Oil dropped $3. Bonds sold off – sending the yield on the 10-year
note back up over 4%. The bonds that sold off most, by the way,
were mortgage bonds.
The property
market is still weakening. The condominium vacancy rate has risen
over 15% – the highest ever. And Floyd Norris of the New York
Times says that one out of every four condos built since 2000
is empty. House prices nationwide are down about 13% from the top...but
falling more and more rapidly – at a 25% rate in the last three
months.
The crisis
that began last year seems far from over.
But the big
losses were in gold. The yellow metal was down $27 yesterday – to
$871. Investors must have figured that gold was doomed – now that
the Fed has turned its big guns to an inflation-fighting position.
Now, the dollar
will strengthen...(it went up to $1.54 per euro yesterday)...inflation
rates will go down...oil will go down – everything will be okay.

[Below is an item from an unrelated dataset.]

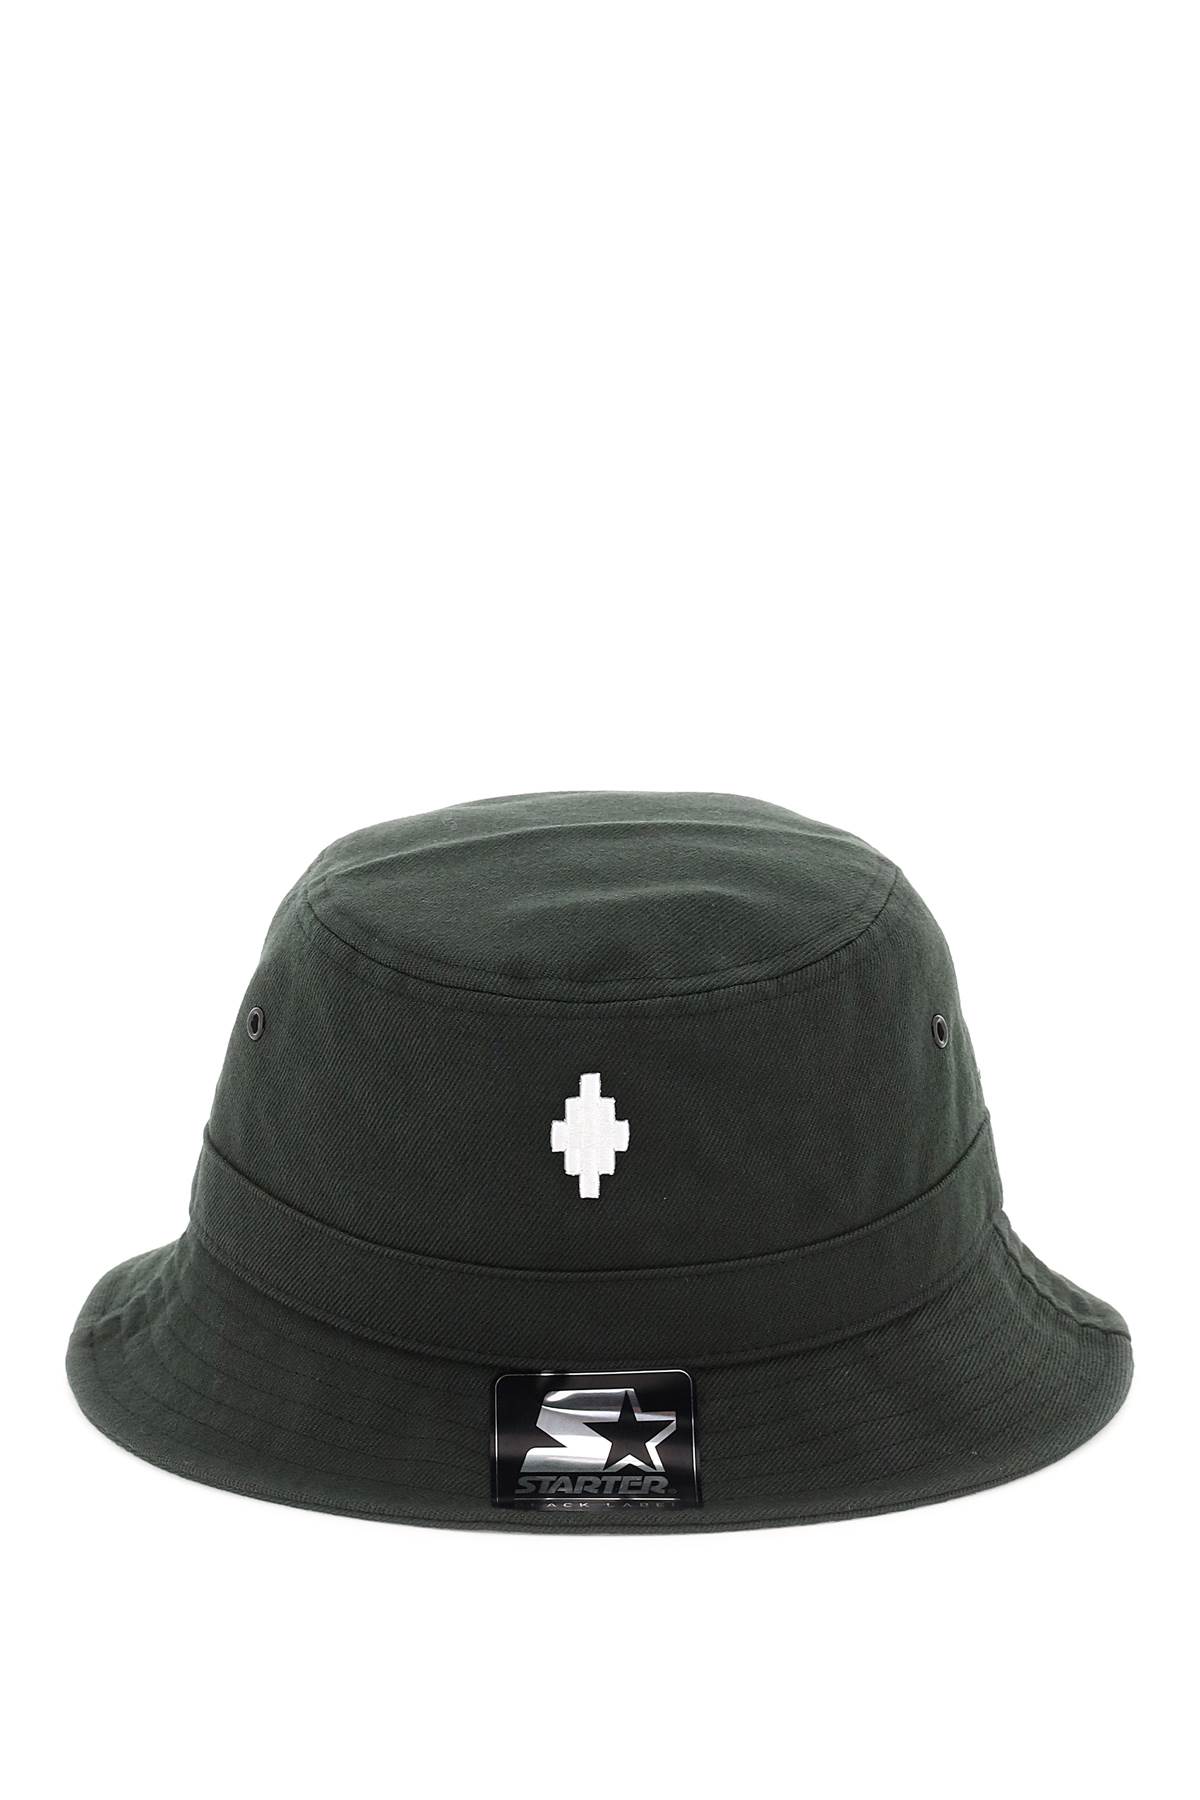 Starter Cross Bucket Hat

Really. Honest. No kidding.
But the big
question is: how can the Fed really fight inflation, after the biggest
jump in unemployment in 22 years? How strongly can the Fed really
resist inflation?
We
don’t know, but it might not have to. American consumers are buying
less from the rest of the world. This leaves less U.S. money in
the hands of foreign central banks...and less reason for them to
inflate their own currencies. Less demand = less inflation = lower
prices. But the price of lower prices is high. It means a worldwide
slump...which brings down oil, commodities, gold, employment – and
equities. This is not the sort of world in which the Fed raises
rates. The Fed’s "fight" against inflation is likely to
succeed, in other words, only if it doesn’t need to fight at all.
"What’s
your solution?" asked a reader in response to my recent commentary.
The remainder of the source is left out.